_Data under study_
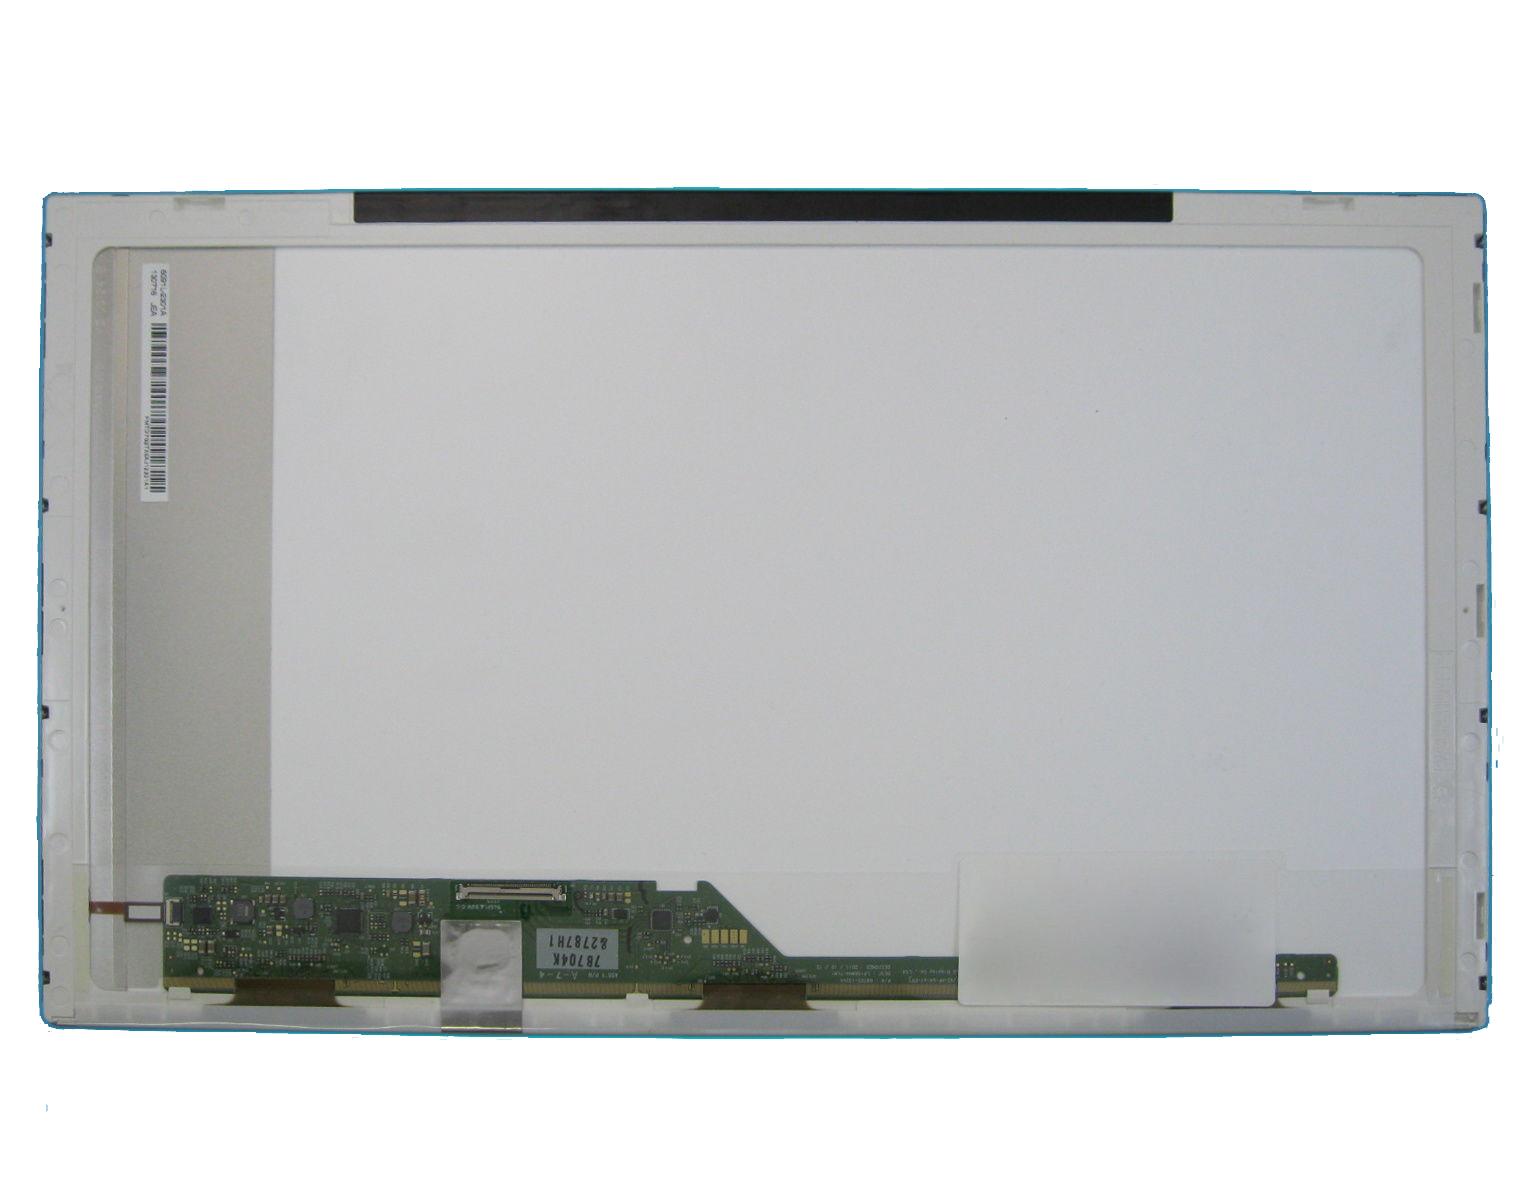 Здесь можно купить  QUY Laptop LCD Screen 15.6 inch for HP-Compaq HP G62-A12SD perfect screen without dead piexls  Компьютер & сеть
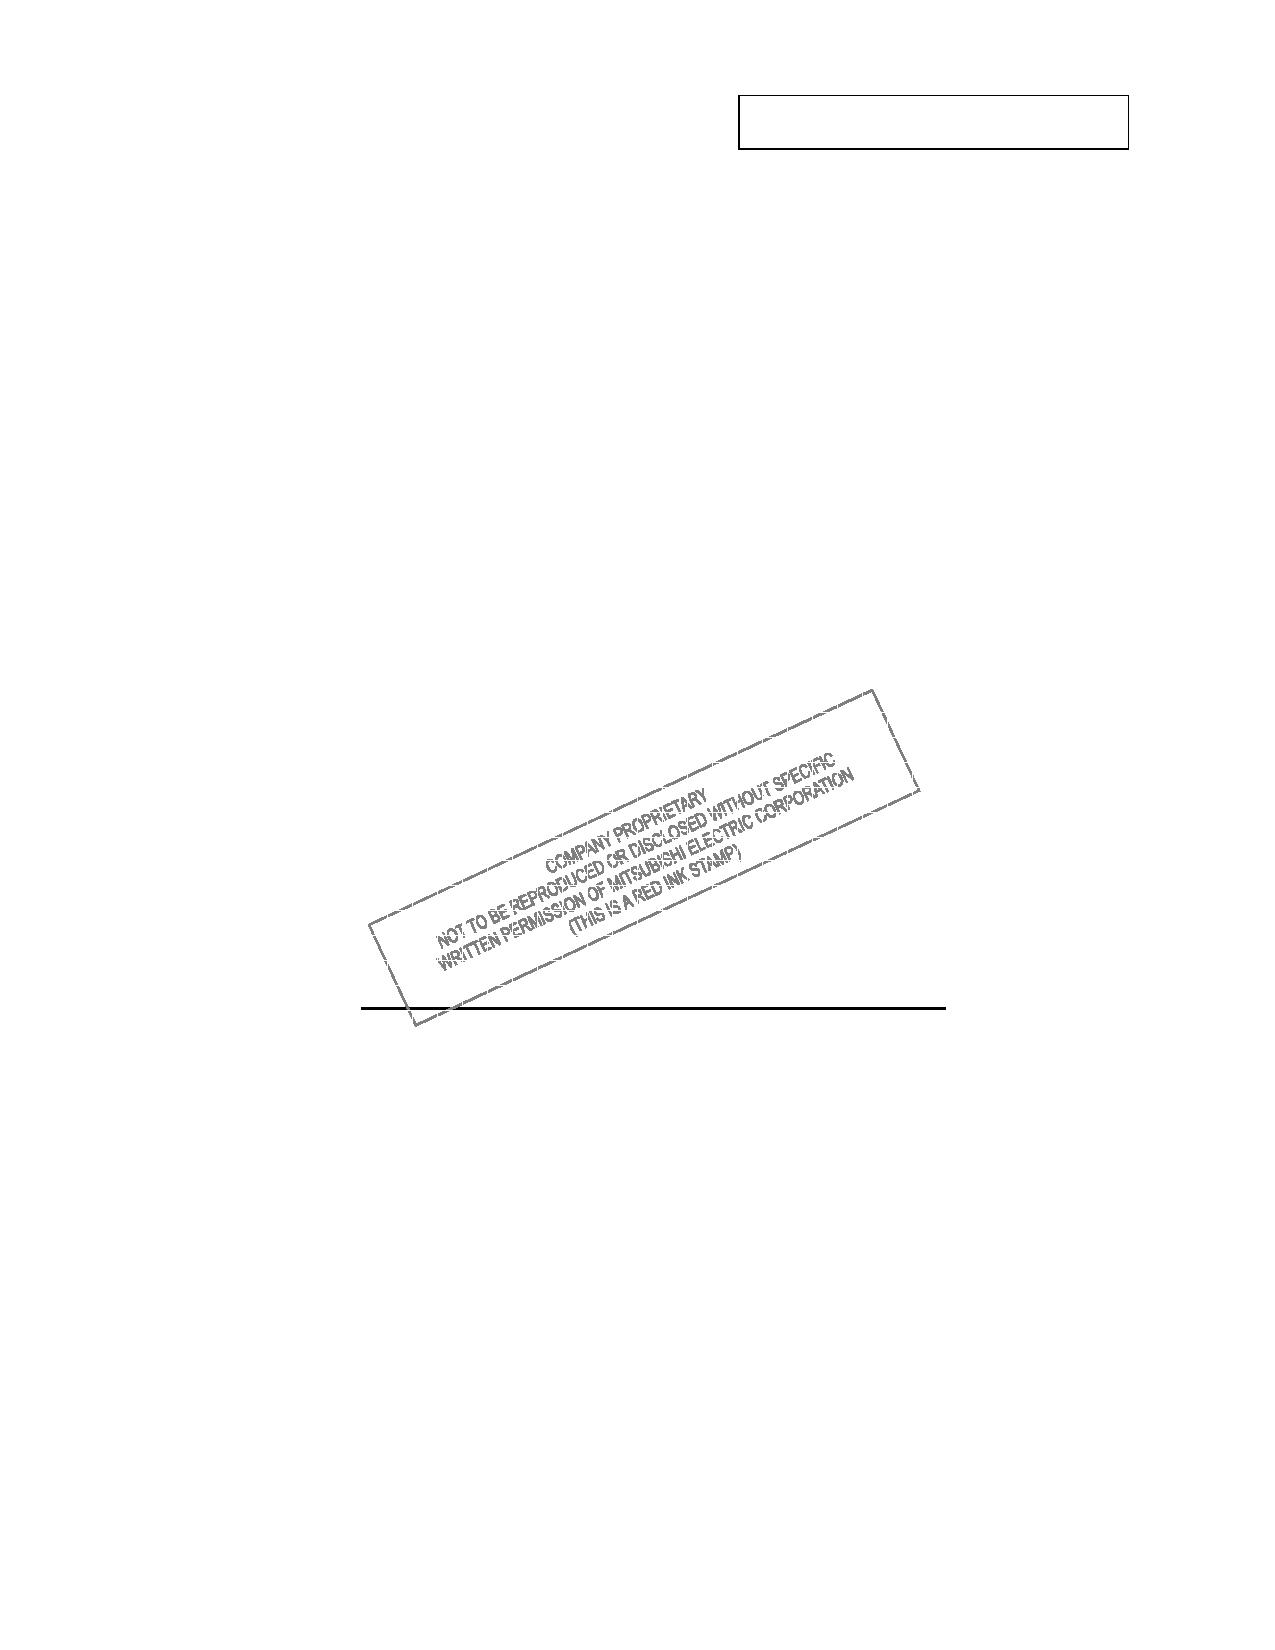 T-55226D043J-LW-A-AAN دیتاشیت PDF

...

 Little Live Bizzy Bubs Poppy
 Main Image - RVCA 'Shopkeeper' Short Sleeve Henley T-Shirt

_Required work_
In the records above, everything from the line with "Здесь можно купить" down to the line with "T-55226D043J-LW-A-AAN دیتاشیت PDF" must be duplicated exactly, both lines kept. Leave no pictures in.

_Solution to this task_
 Здесь можно купить  QUY Laptop LCD Screen 15.6 inch for HP-Compaq HP G62-A12SD perfect screen without dead piexls  Компьютер & сеть
 T-55226D043J-LW-A-AAN دیتاشیت PDF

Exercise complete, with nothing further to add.